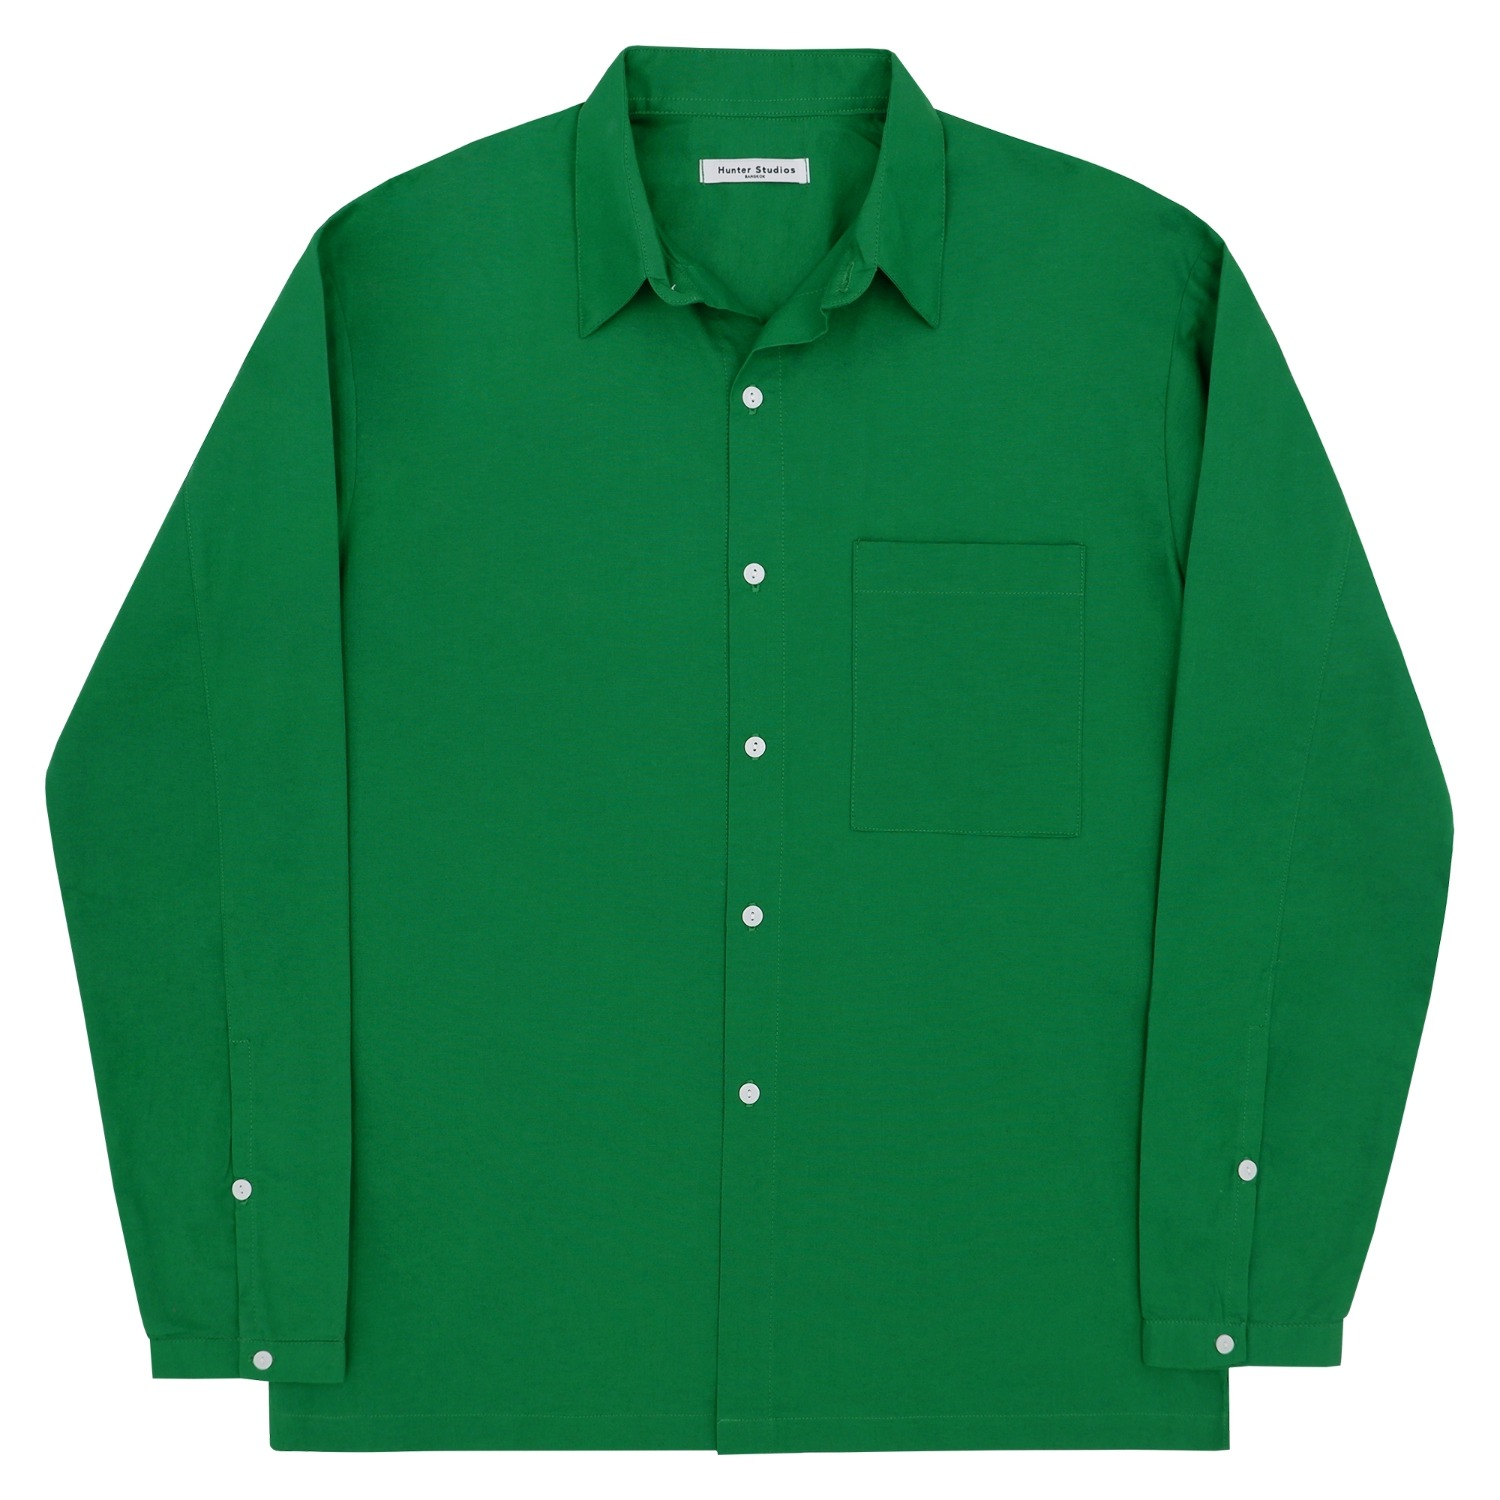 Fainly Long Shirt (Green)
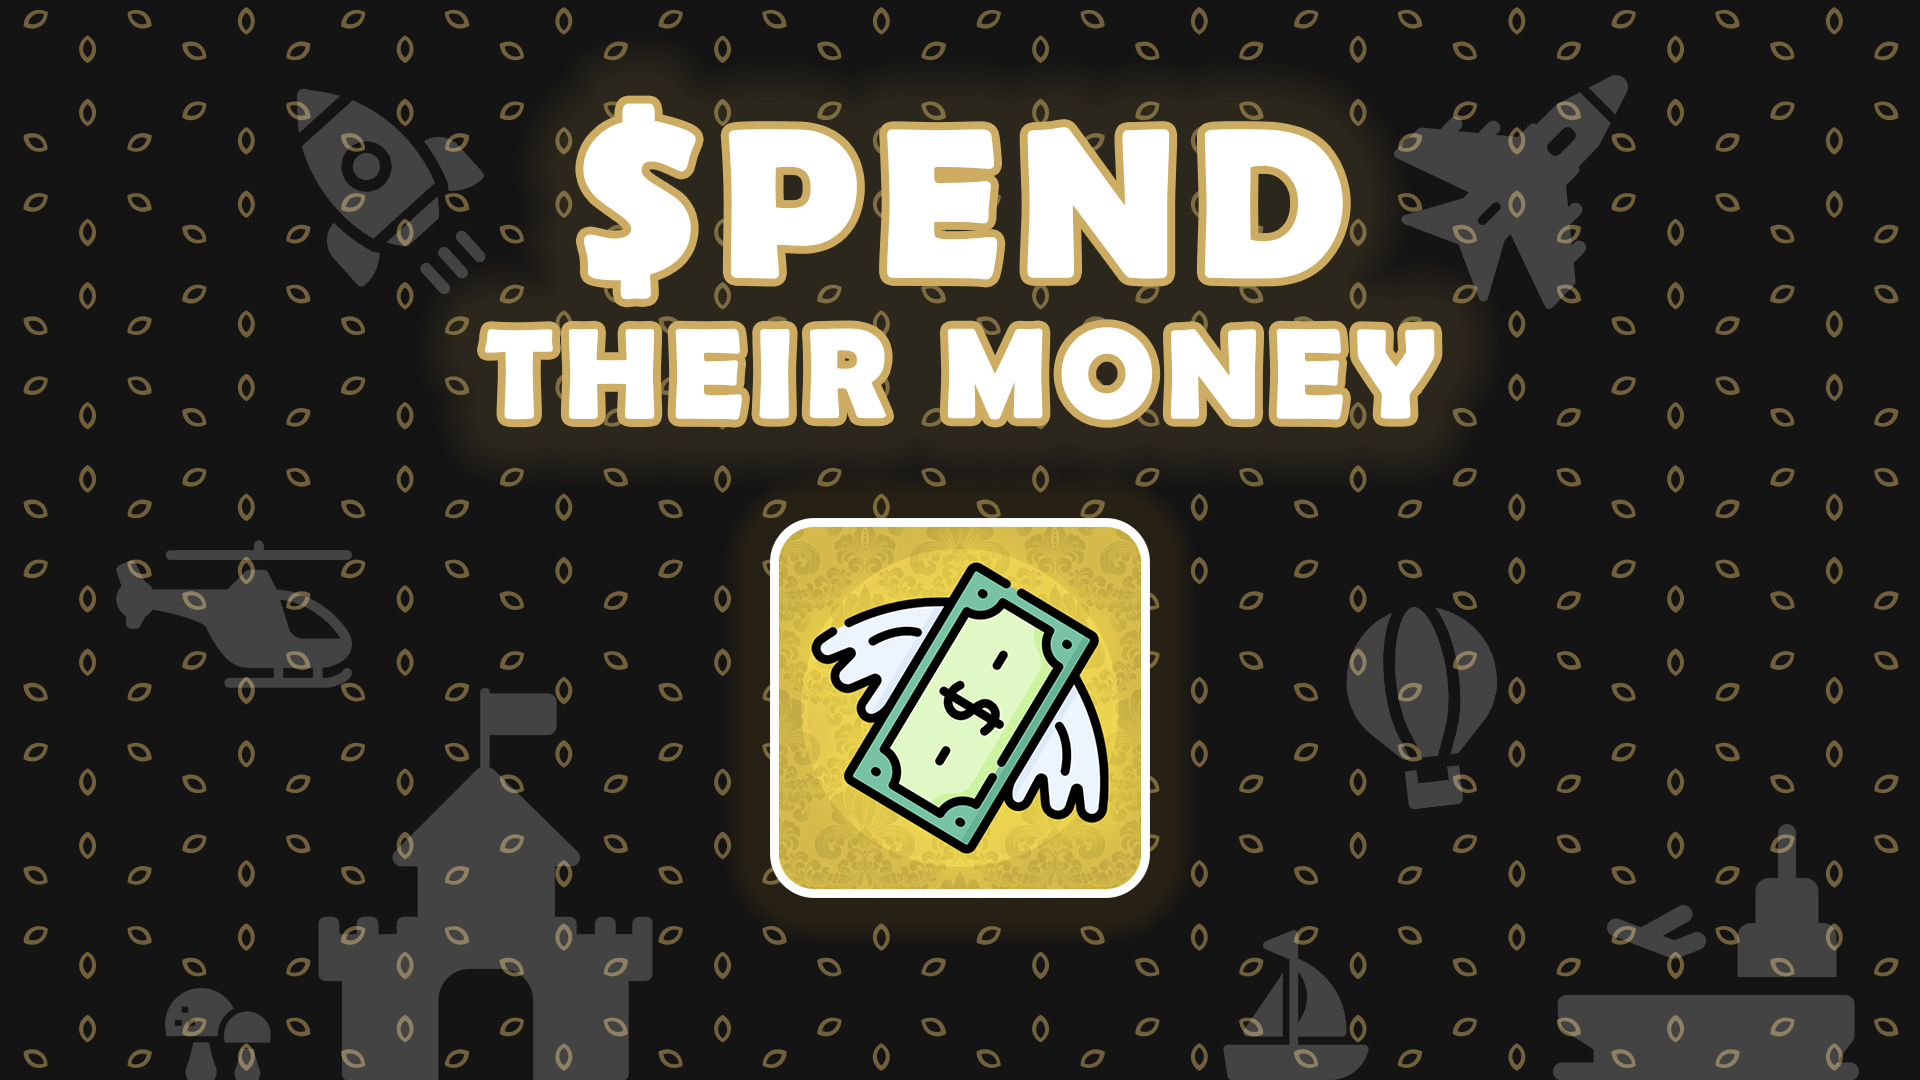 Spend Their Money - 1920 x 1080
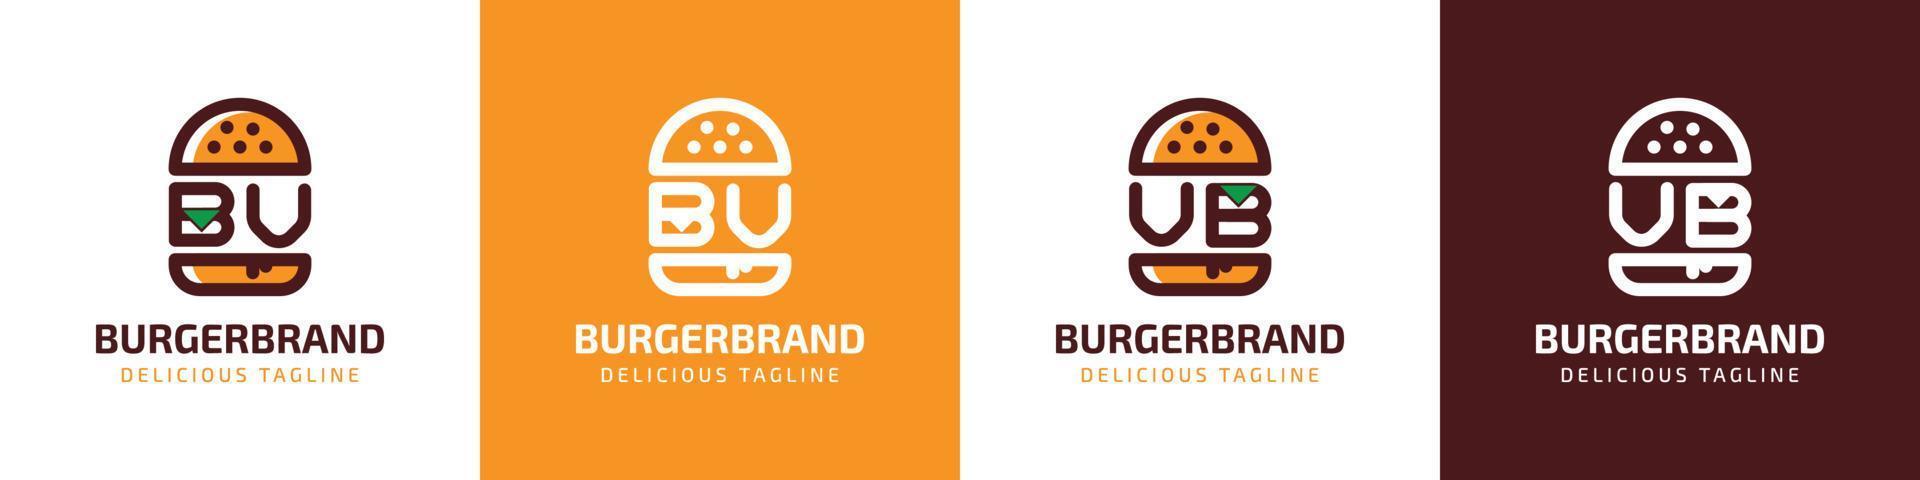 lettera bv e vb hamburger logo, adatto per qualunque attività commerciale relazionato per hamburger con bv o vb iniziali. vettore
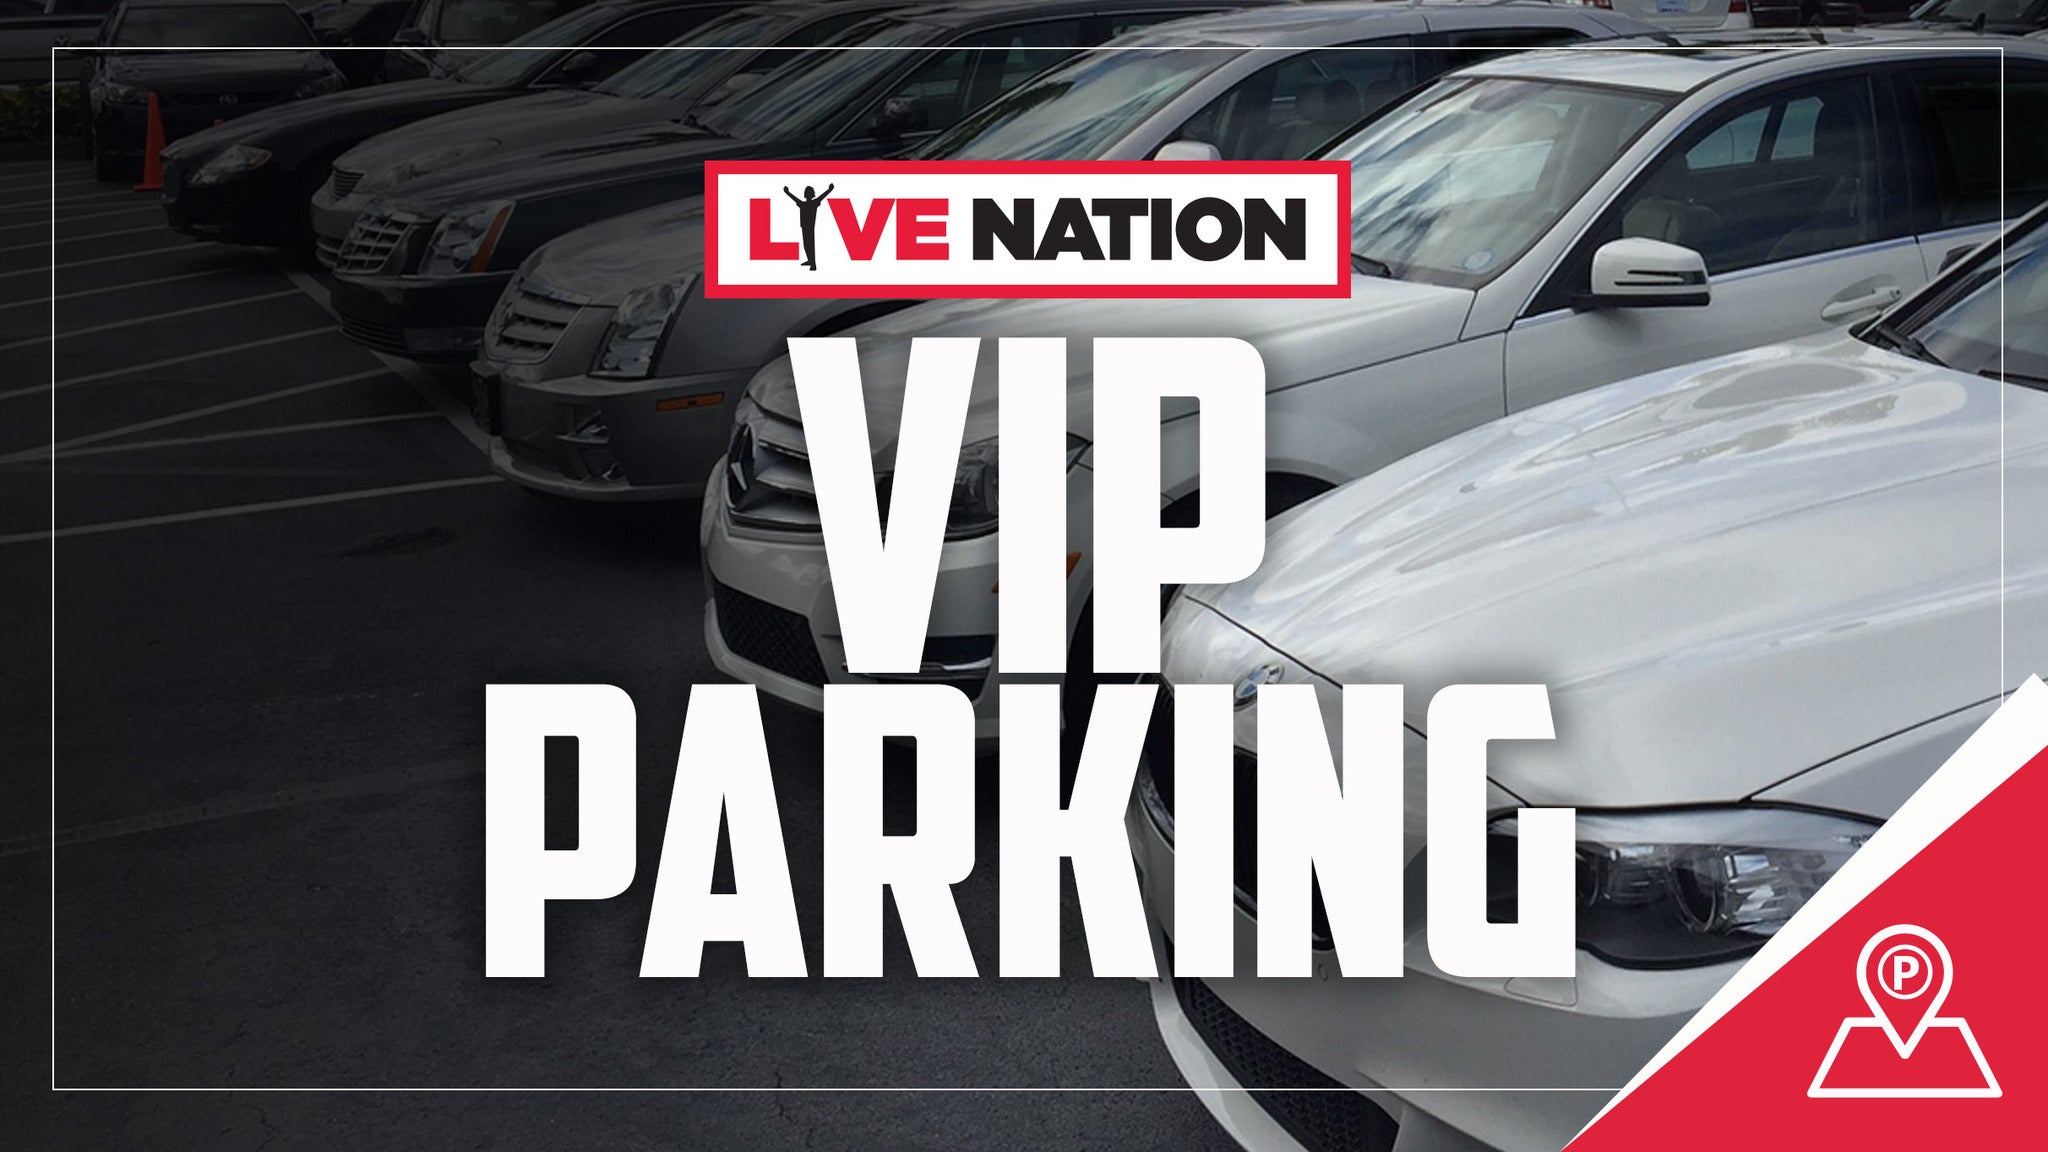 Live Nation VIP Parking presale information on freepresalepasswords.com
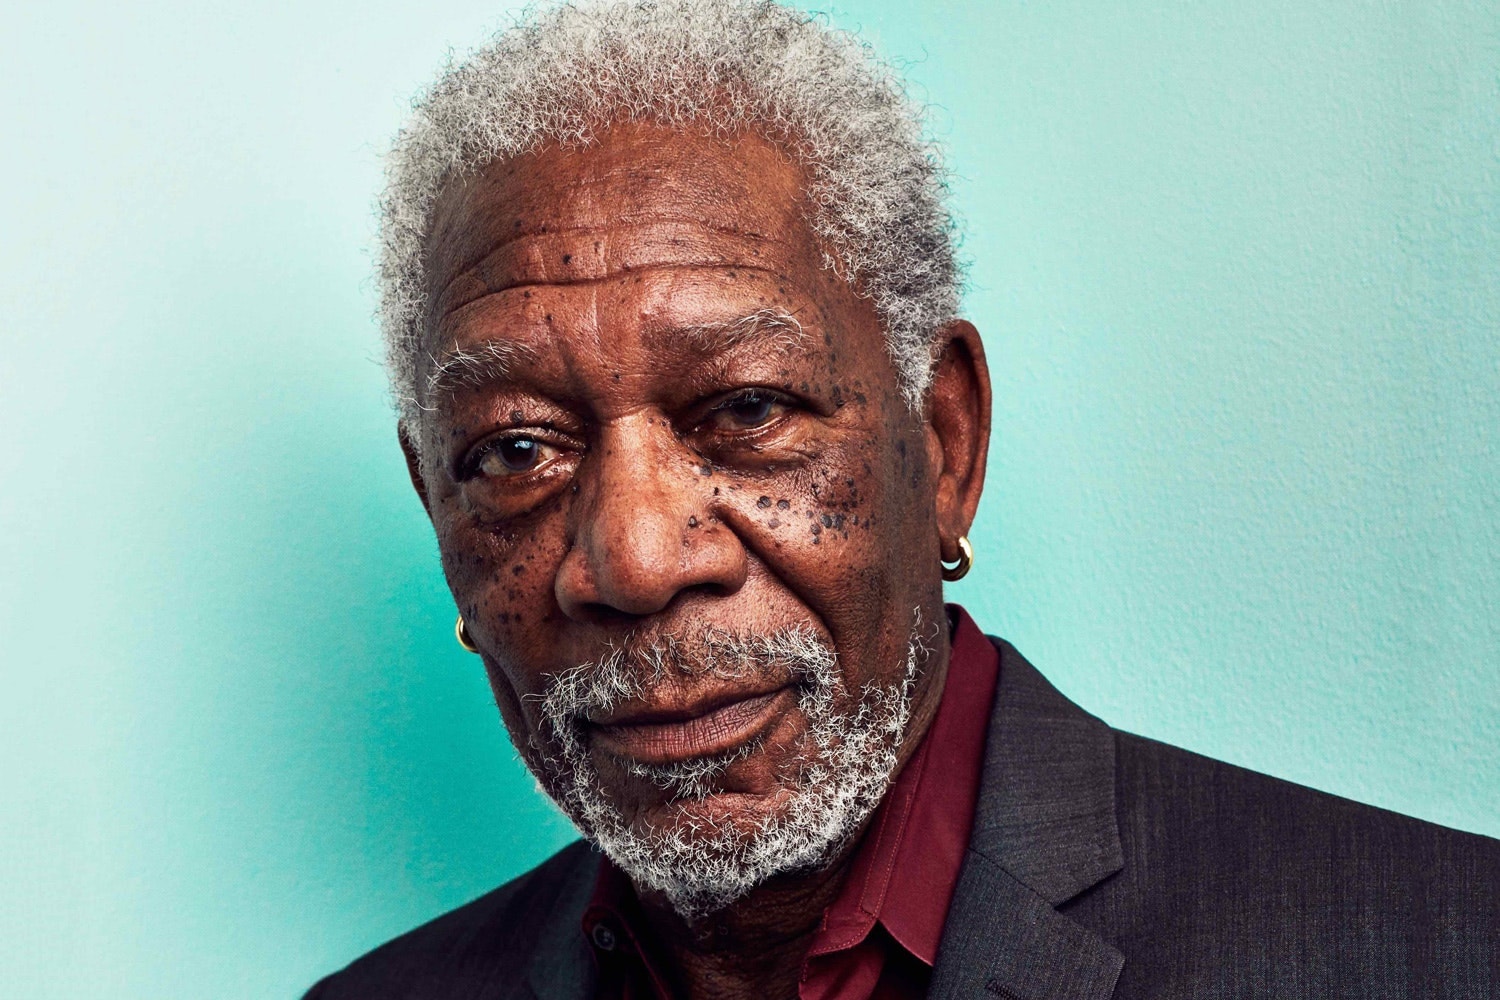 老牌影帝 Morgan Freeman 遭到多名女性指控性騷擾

_____

Repeat word for word only the lines from the line holding "Live Nation VIP" to the final line of the material, both included. Don't carry over any picture.

Written answer -
 Live Nation VIP Parking presale information on freepresalepasswords.com
 老牌影帝 Morgan Freeman 遭到多名女性指控性騷擾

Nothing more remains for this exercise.